--- Provided data ---

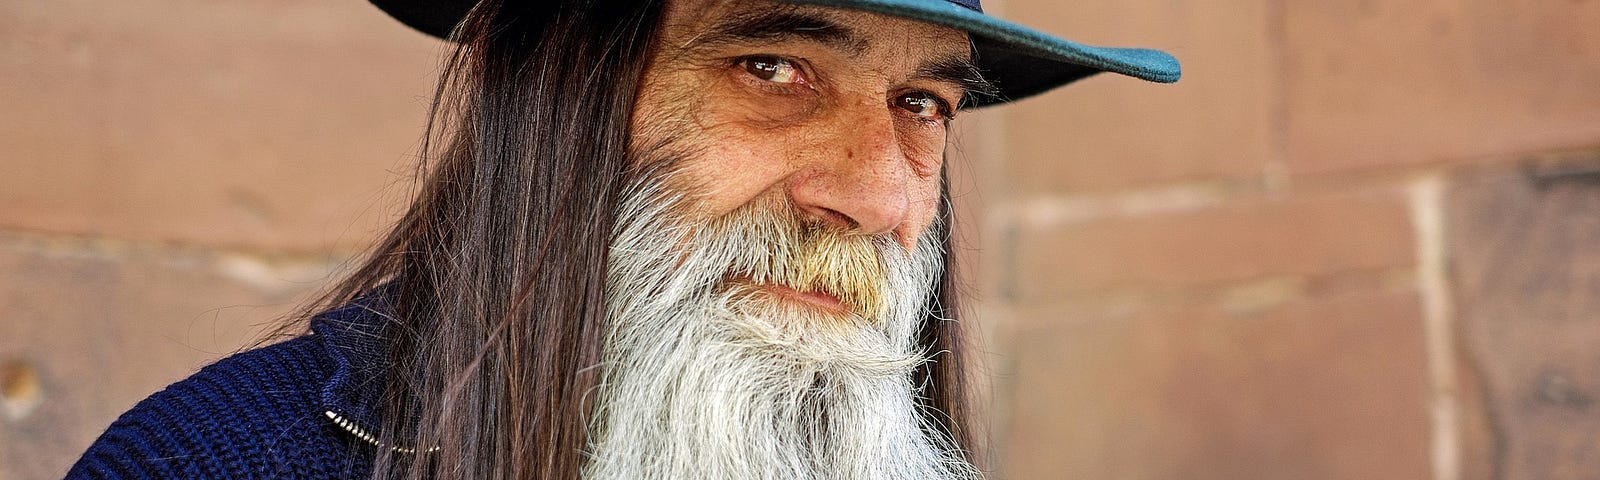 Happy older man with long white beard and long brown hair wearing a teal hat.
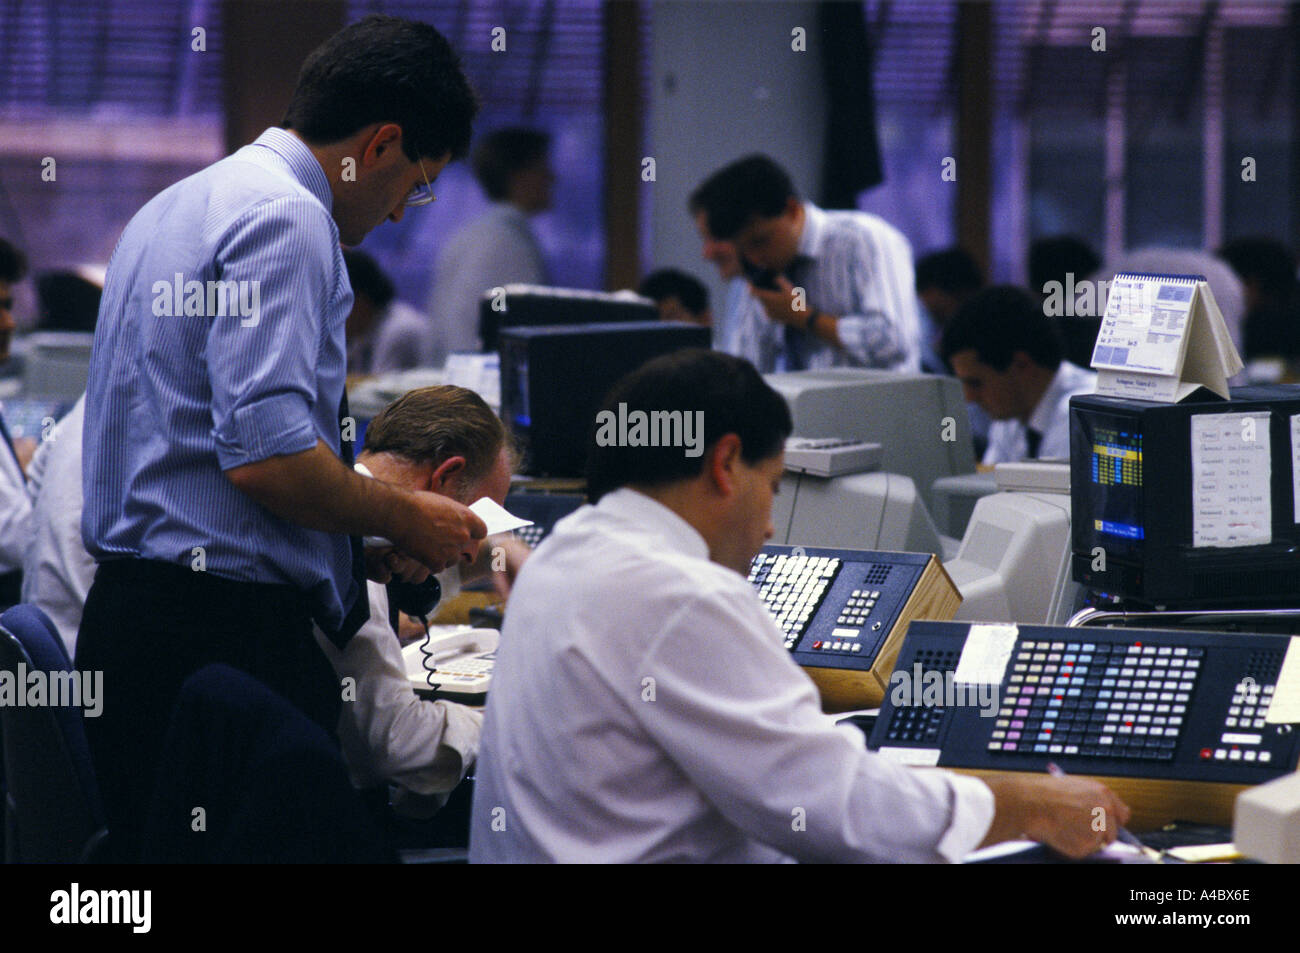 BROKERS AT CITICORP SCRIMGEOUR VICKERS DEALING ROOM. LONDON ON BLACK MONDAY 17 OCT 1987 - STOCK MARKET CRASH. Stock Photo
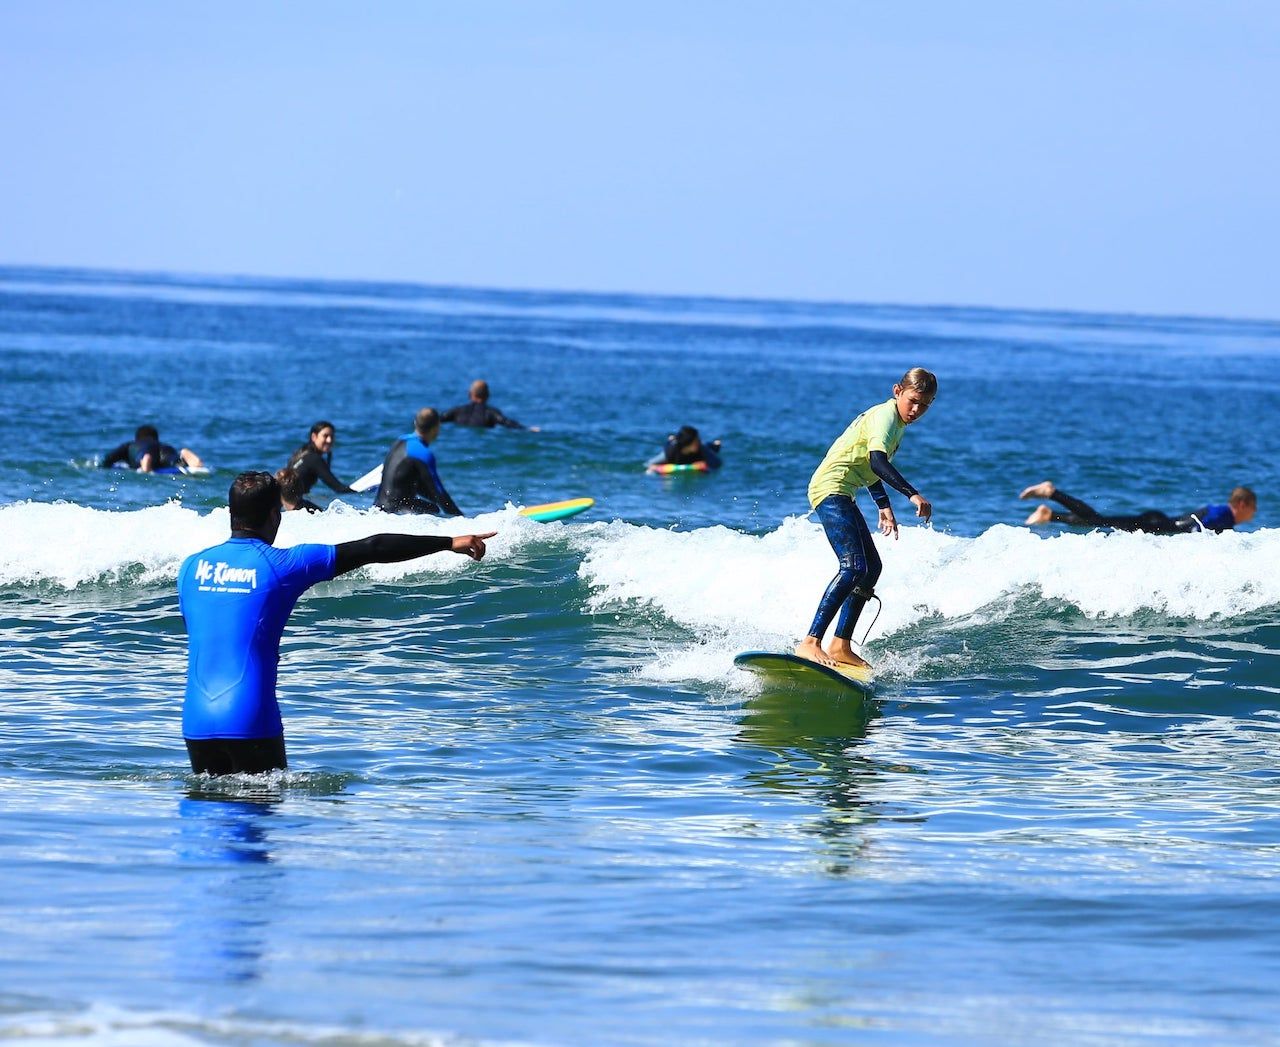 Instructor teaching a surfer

---

• Work required
Reproduce every line above exactly as written, omitting the images.

• Solution below
 Happy older man with long white beard and long brown hair wearing a teal hat.
 BROKERS AT CITICORP SCRIMGEOUR VICKERS DEALING ROOM. LONDON ON BLACK MONDAY 17 OCT 1987 - STOCK MARKET CRASH. Stock Photo
 Instructor teaching a surfer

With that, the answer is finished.